**Source data:**

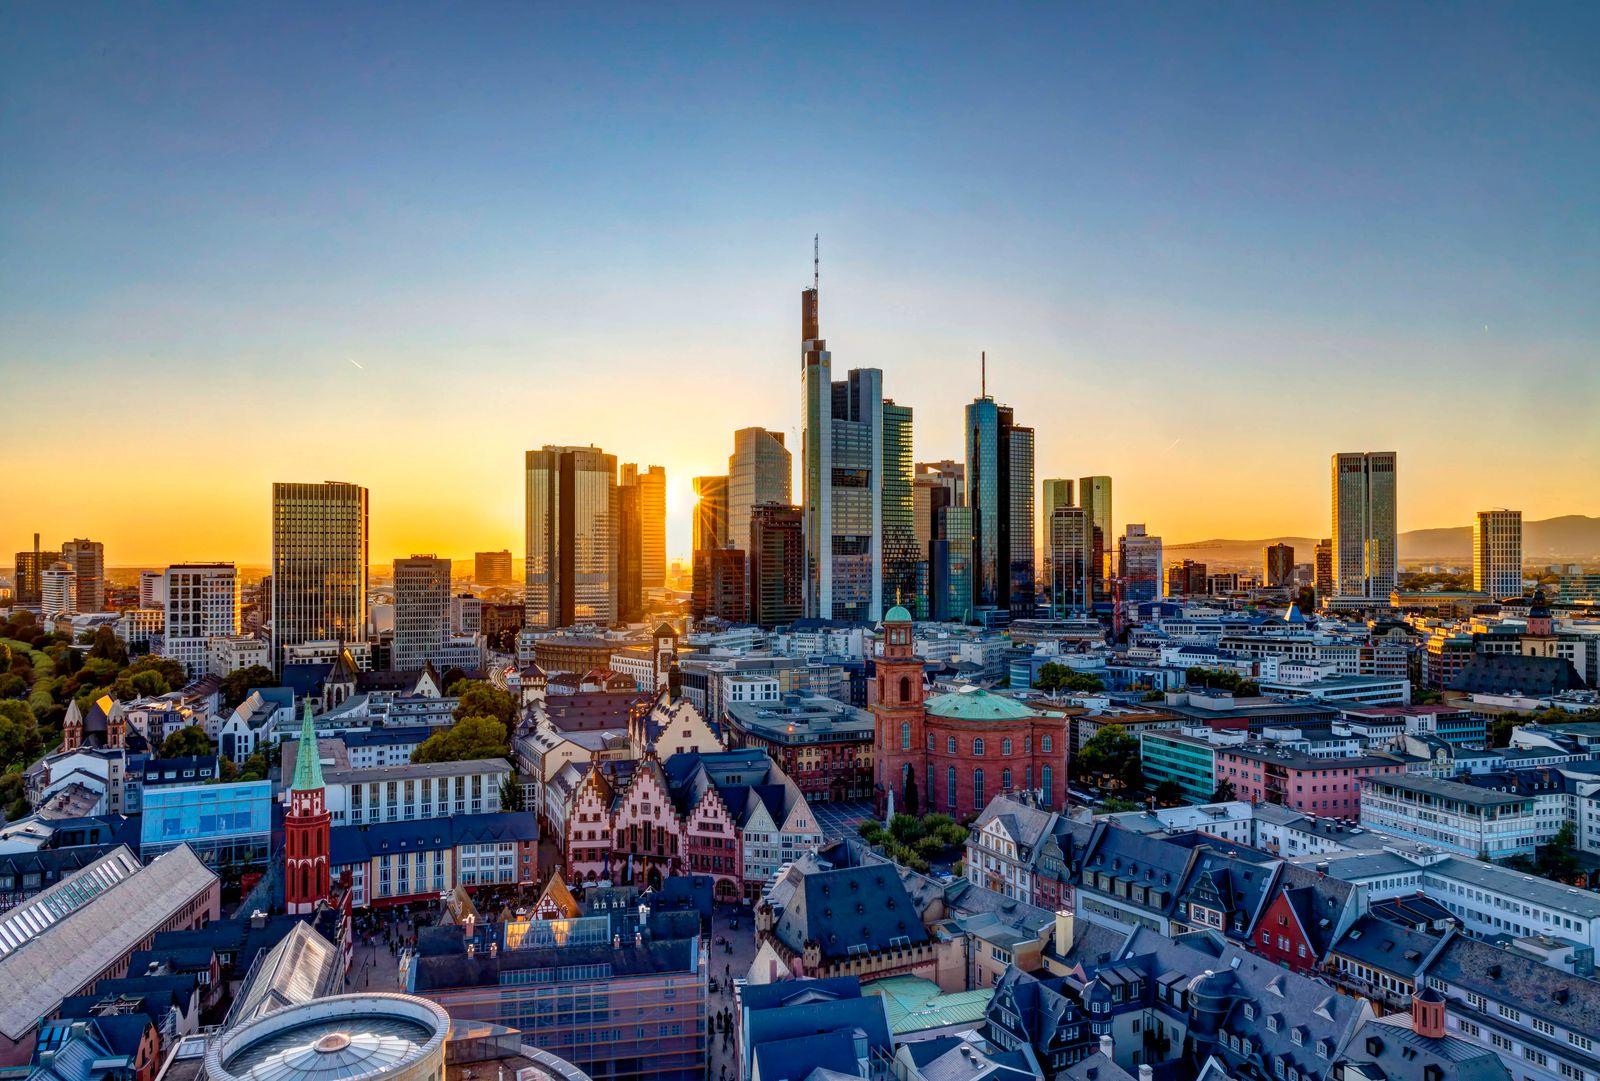 DEU, Deutschland, Frankfurt am Main, Hessen, 21.09.2019: Frankfurt von oben. Blick auf das Bankenviertel von Mainhattan.
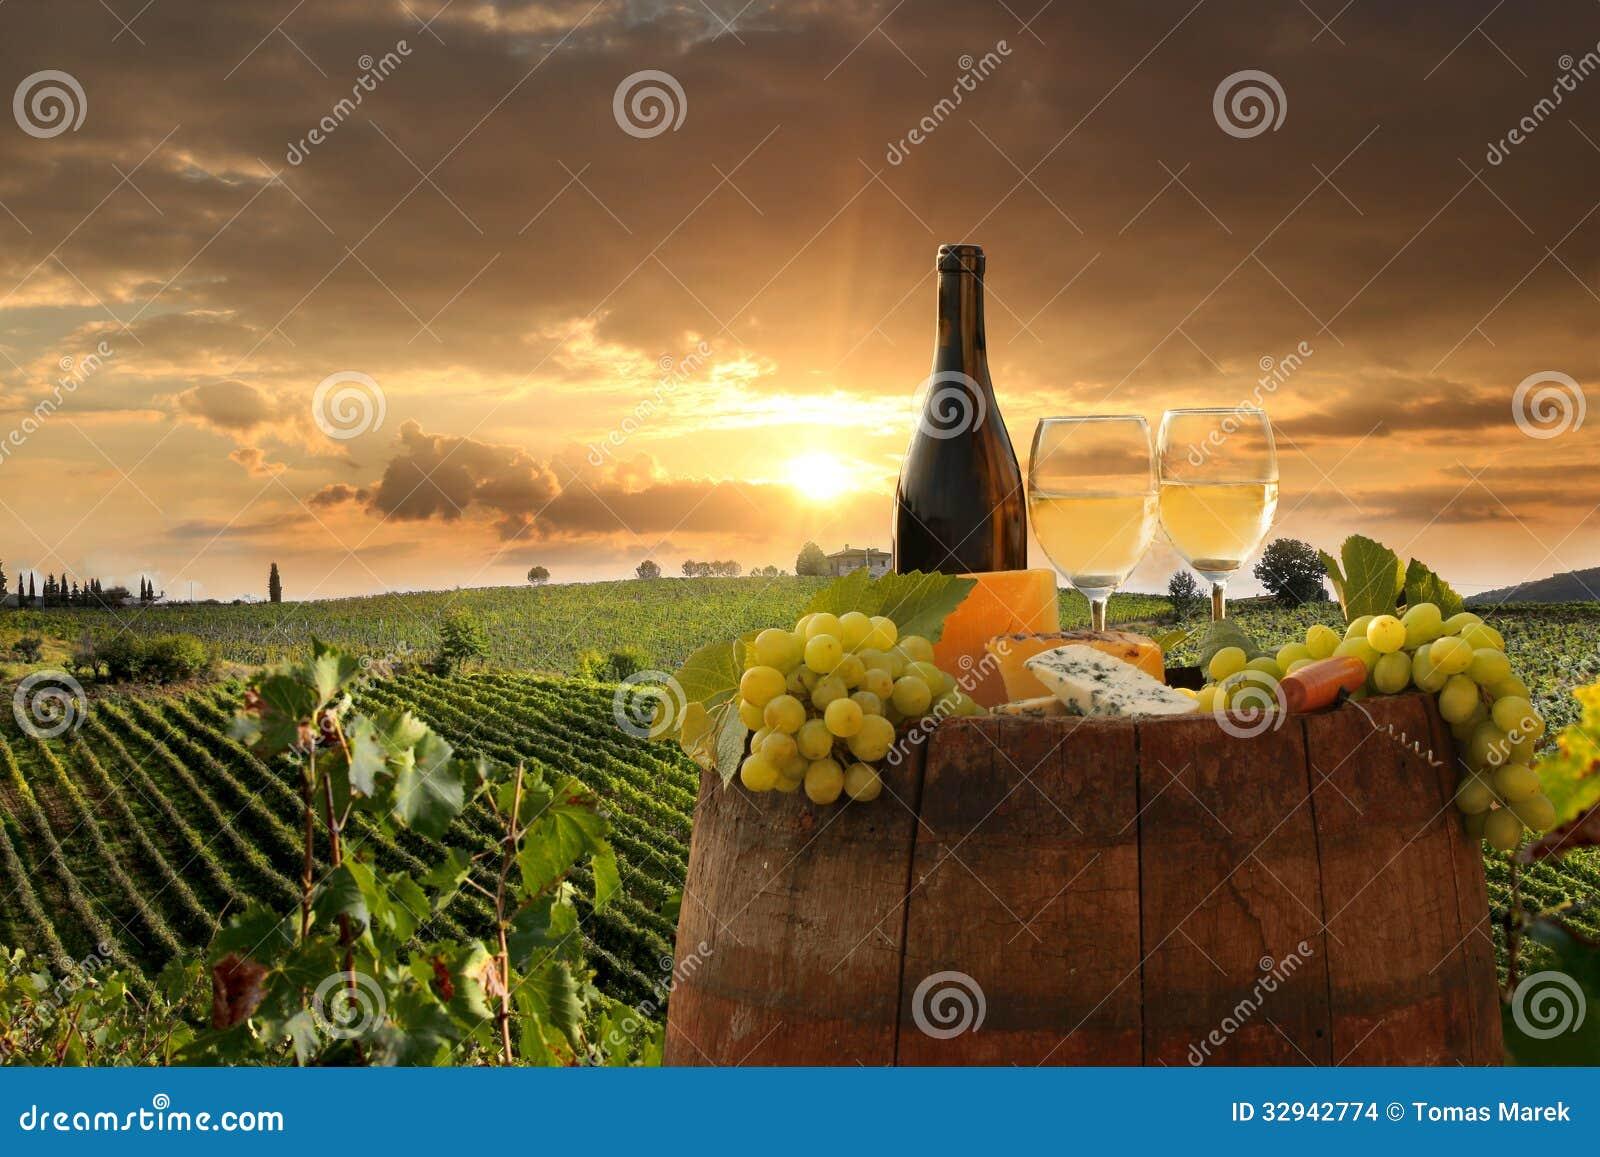 Купить виноградник в тоскане вакансии дубай
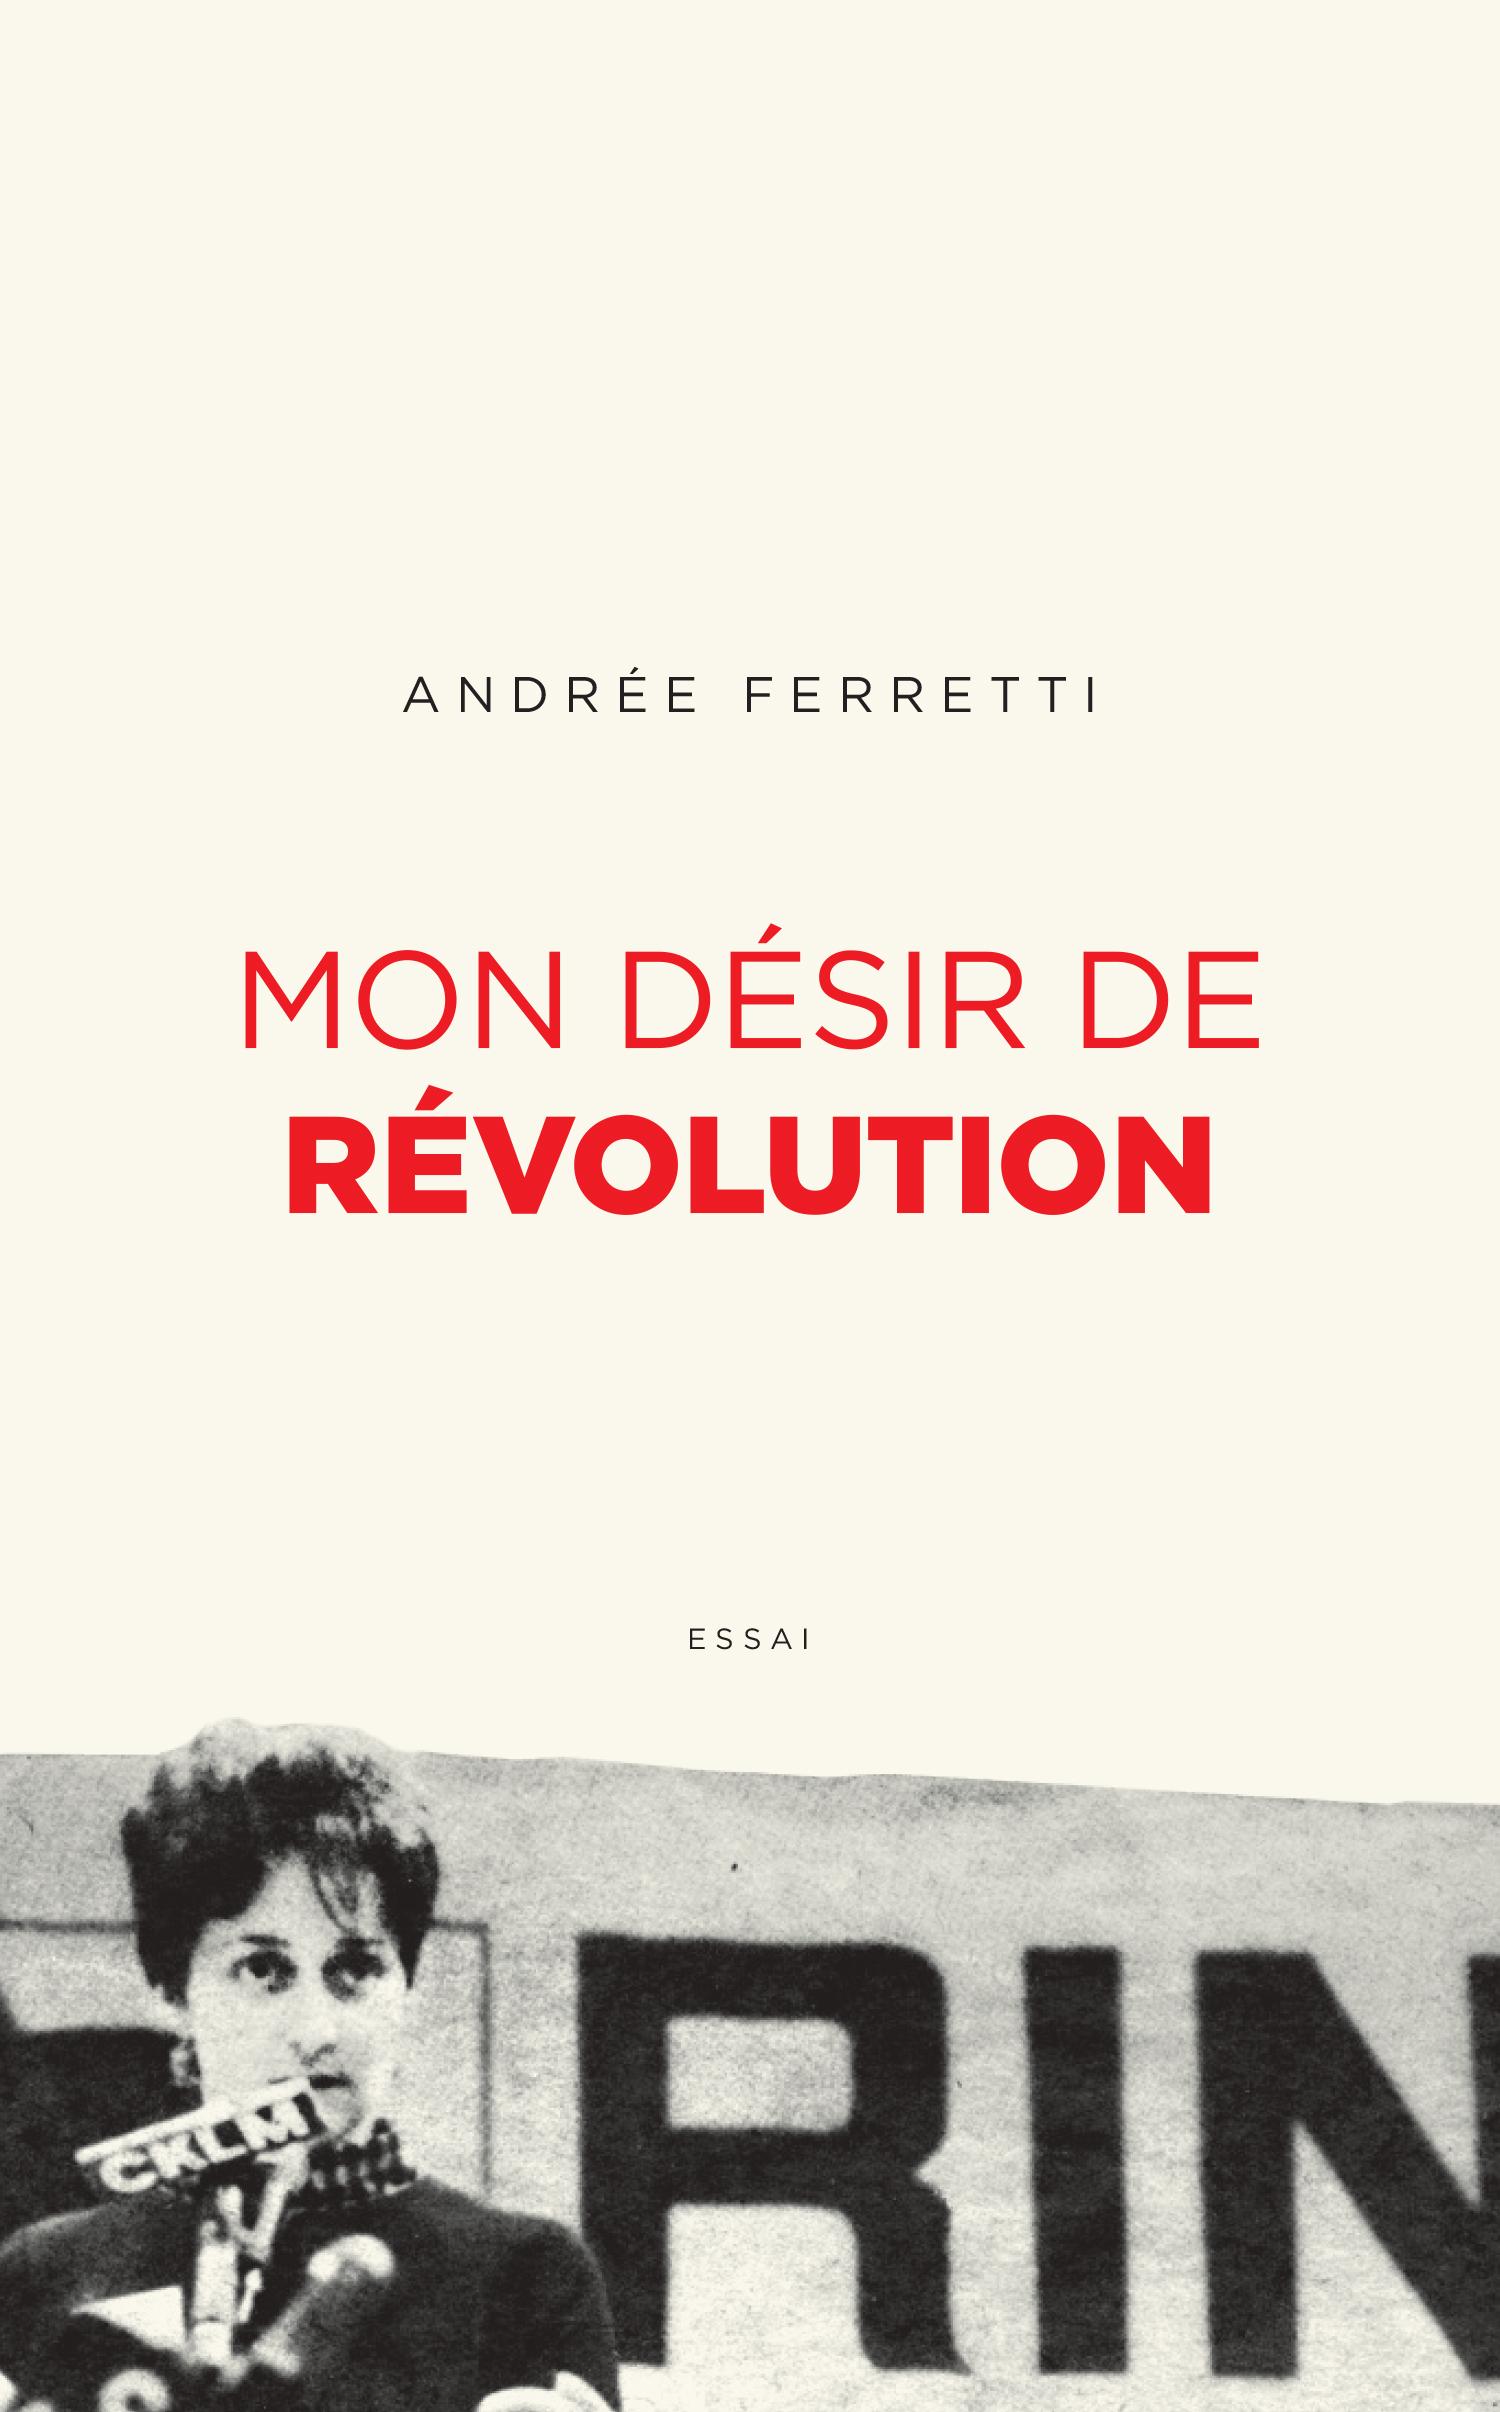 Mon désir de révolution

**Brief:** Every line above goes into the copy unchanged; the pictures do not.

**Result of the task:**
 DEU, Deutschland, Frankfurt am Main, Hessen, 21.09.2019: Frankfurt von oben. Blick auf das Bankenviertel von Mainhattan.
 Купить виноградник в тоскане вакансии дубай
 Mon désir de révolution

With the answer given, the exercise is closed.